Bader directed the first Sony-Toshiba-IBM Center of Competence for the Cell Processor, at the Georgia Institute of Technology, which offered training and insights into how to use accelerators and multi-core technologies in data centers.

“This was a chip that was purpose-built for high-end computing as well as gaming systems, that spans the whole gamut of low-end to high-end. It also created a groundswell in the applications space, with new understanding that applications across many sectors, from healthcare to finance to security, could all take advantage of accelerators.”

The Roadrunner supercomputer
The Roadrunner supercomputer – Los Alamos National Laboratory

The machine that could

Indeed, IBM did target the high-end computing market: in 2008 it built the world’s most powerful supercomputer to model the decay of the US nuclear arsenal for the Los Alamos National Laboratory. Roadrunner, a $100m system with 12,960 Cell chips (now 60nm with added memory) and 6,480 AMD Opteron dual-core processors, became the world’s first machine to sustain 1.0 petaflops using the Linpack benchmark, roughly double the performance of the next best system.

“In retrospect, if you look at the Top500 chart [a list of the world’s fastest supercomputers], we made quite a step up,” Hofstee said. “You expect a certain growth rate on the list, but you can actually see that the Cell chip jumped off that quite a bit - we held the record a little bit longer than it’s typically held.”

The system was also incredibly energy-efficient, another benefit of the Cell. Hofstee explained: “We went with this philosophy: instead of turning something off when it’s not needed, turning it on only when it is needed.”
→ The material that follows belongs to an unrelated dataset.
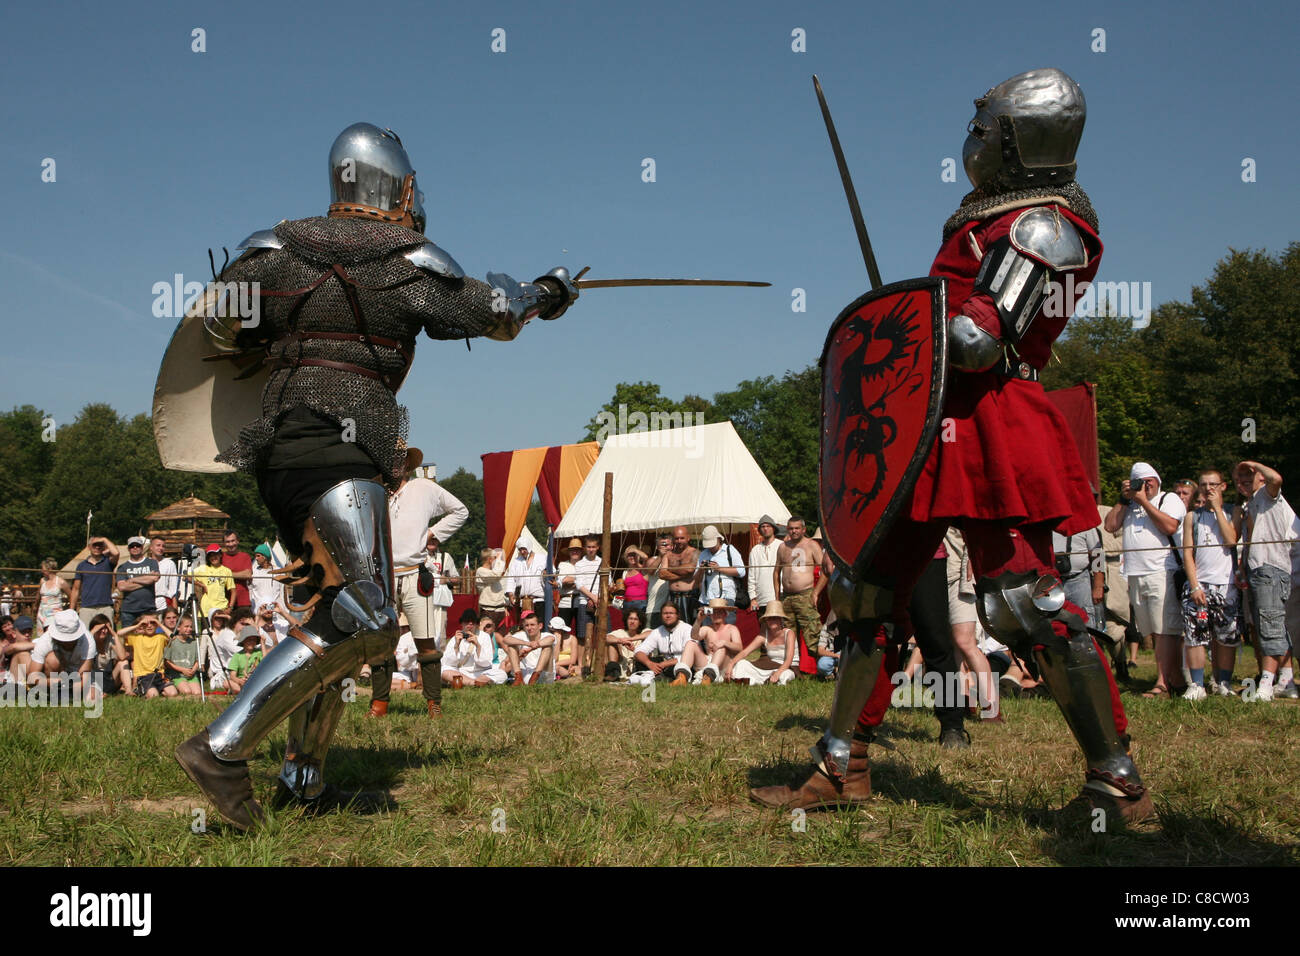 Ritterturnier am Vorabend der Nachstellung der Schlacht von Grunwald (1410) im Norden Polens. Stockfoto

The team would run programs and watch which pieces of the chip turned on. “If we would see a floating point unit turn on when the program wasn’t supposed to have a floating point workload, we would know that something’s not quite right. This is an area where people have made more progress since then, but I really think we were the first to adopt this philosophy.”

Bader concurred: “Up to this point in time, when you needed memory, it would be like going to the store and buying a whole case of food and bringing it back, even if you needed just one can. With the Cell, for the first time, you could take a shopping list, go to the store, and fill up your cart just with the individual cans that you may need, and then come home. That was game-changing.”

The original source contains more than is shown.